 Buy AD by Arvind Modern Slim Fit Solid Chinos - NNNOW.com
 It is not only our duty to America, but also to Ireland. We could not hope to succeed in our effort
◇ ◇ ◇ ◇ ◇ ◇ ◇
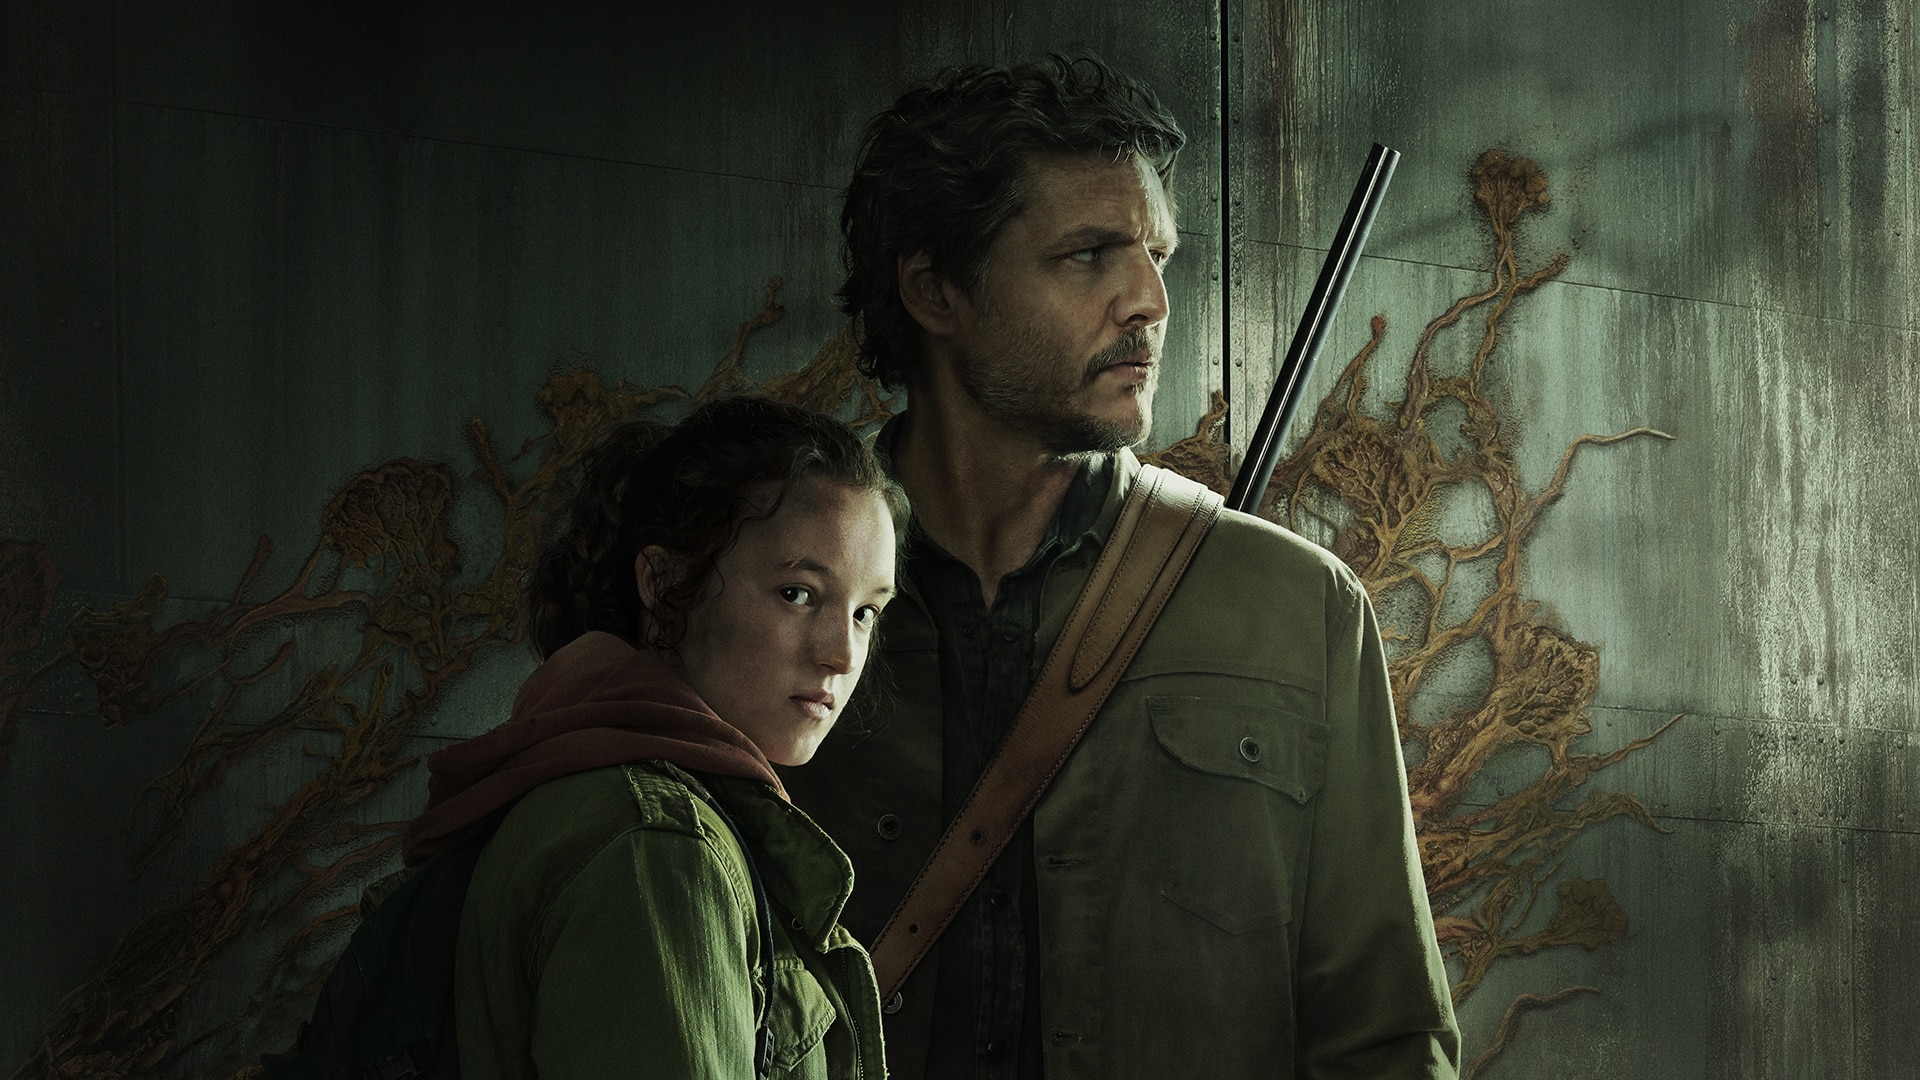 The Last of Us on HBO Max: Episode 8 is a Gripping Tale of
◇ ◇ ◇ ◇ ◇ ◇ ◇
DESCRIPTION OF THE TASK:
In the data above, which lines lie between the line with "Buy AD by Arvind" and the line with "It is not only", inclusive? Print those lines exactly and nothing else.

SOLVED EXERCISE:
 Buy AD by Arvind Modern Slim Fit Solid Chinos - NNNOW.com
 It is not only our duty to America, but also to Ireland. We could not hope to succeed in our effort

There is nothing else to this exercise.